Für Szenario A werden folgende Maßnahmen getroffen:

  • Eine zuvor festgelegte Behörde übernimmt federführend die Überprüfung der verfügbaren Informationen und eine vorläufige Bewertung des Falles.
  • Das Rapid Alert Network (RAN) und die Single Point of Contacts (SPOCS) werden informiert. Die Kritikalität des Arzneimittels wird gemäß den Vorgaben des EMA-Dokuments Criteria for classification of critical medicinal products for human and veterinary use bewertet.

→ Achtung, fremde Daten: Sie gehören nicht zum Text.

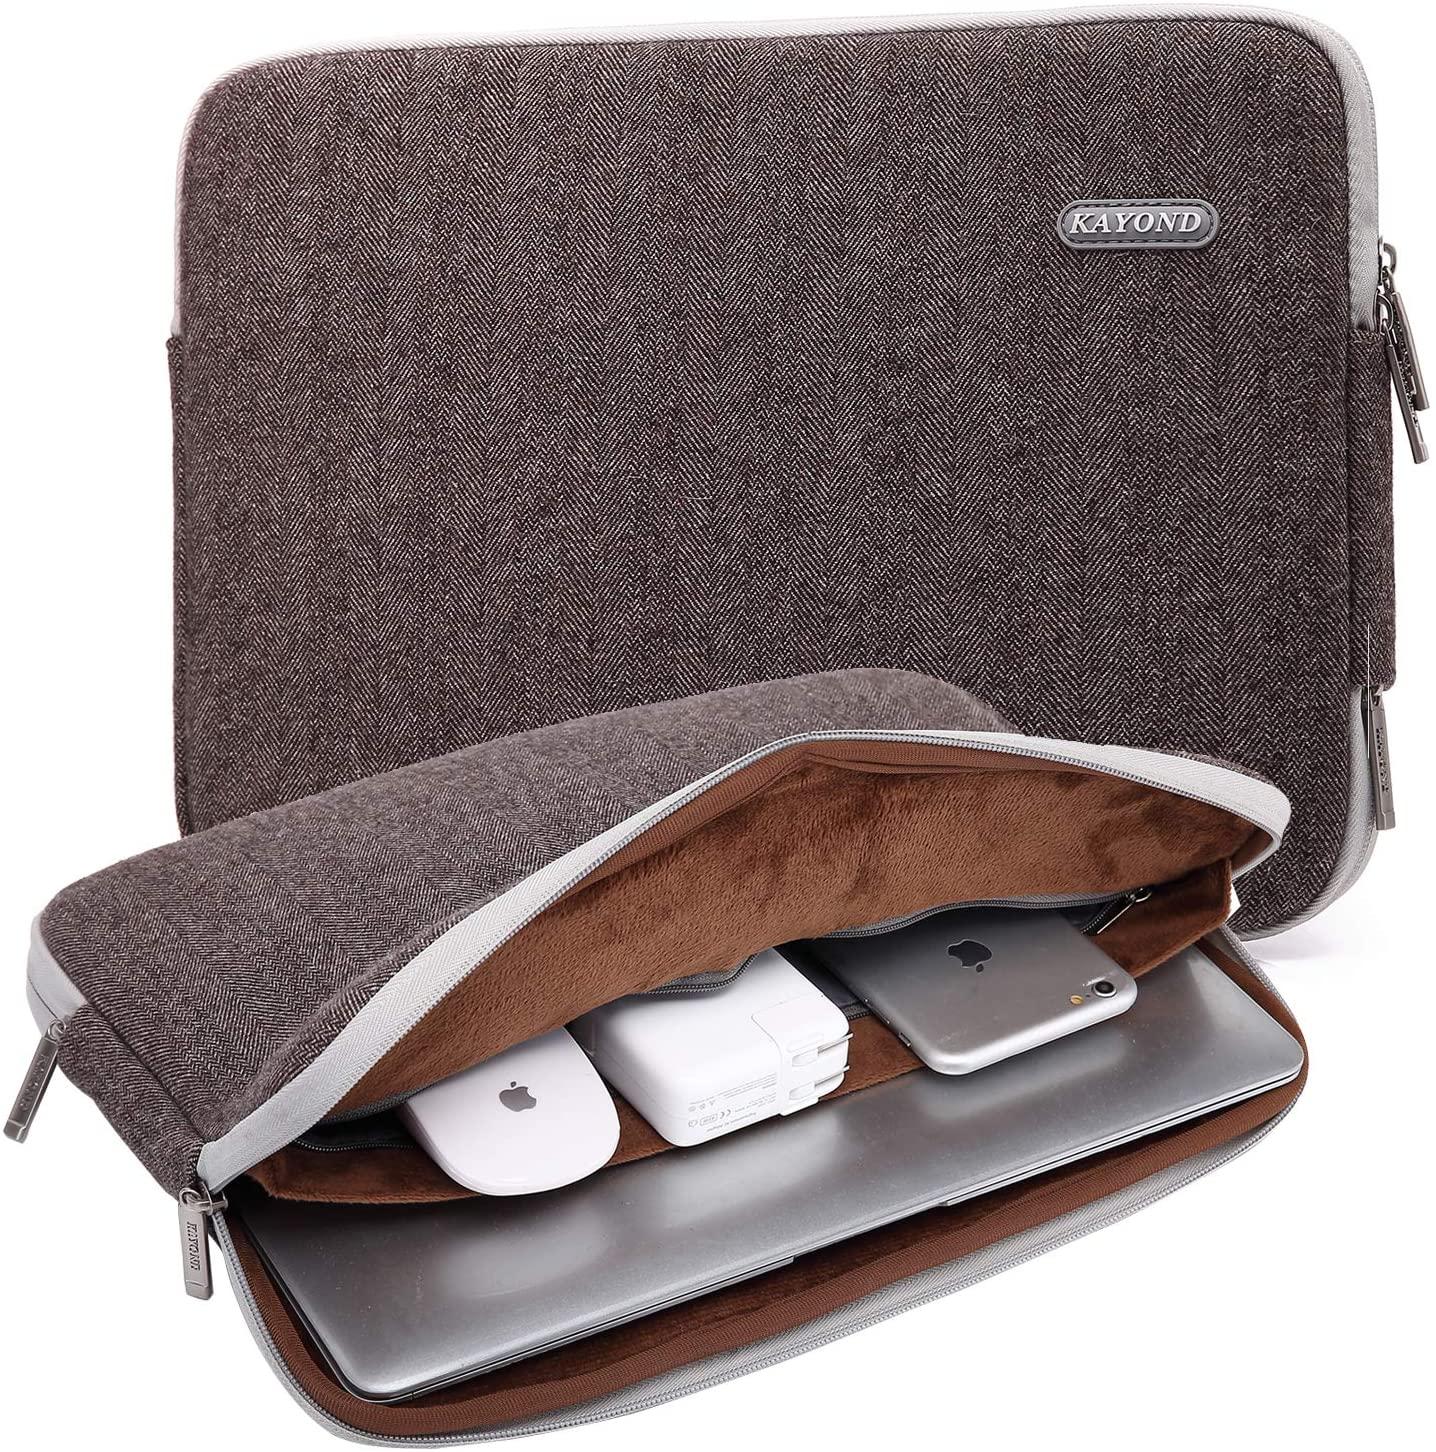 KAYOND Herringbone Woollen Water-Resistant for 13-13.3 Inch Laptop Sleeve Case Bag (13-13.3 Inches, Brown)

  • Die federführende Behörde berücksichtigt die Rückmeldungen des RAN bei der Erstellung von vorläufigen Empfehlungen.
  • Zur Erleichterng des Informationsaustauschs wird das Incident Review Network (IRN) konsultiert und es wird bewertet, ob weitere Maßnahmen ergriffen werden müssen.
  • Falls Maßnahmen in Bezug auf Marktprodukte empfohlen werden, leiten die nationalen Behörden (NCAs) je nach Kritikaliät der betreffenden Produkte weitere Maßnahmen in die Wege. Dabei berücksichtigen die federführende Behörde und die NCAs für einen gewissen Zeitraum das LTL-Konzept oder die Verwendung von Übergangsgrenzwerten.

Parallel zur Aktualisierung des Frage-Antwort Dokuments der EMA/CMDh wurde auch das entsprechende Dokument der CMDh mit den praktischen Anleitungen für Inhaber nationaler Zulassungen (einschließlich Zulassungen nach dem Verfahren der gegenseitigen Anerkennung und dezentrale Zulassungen) überarbeitet.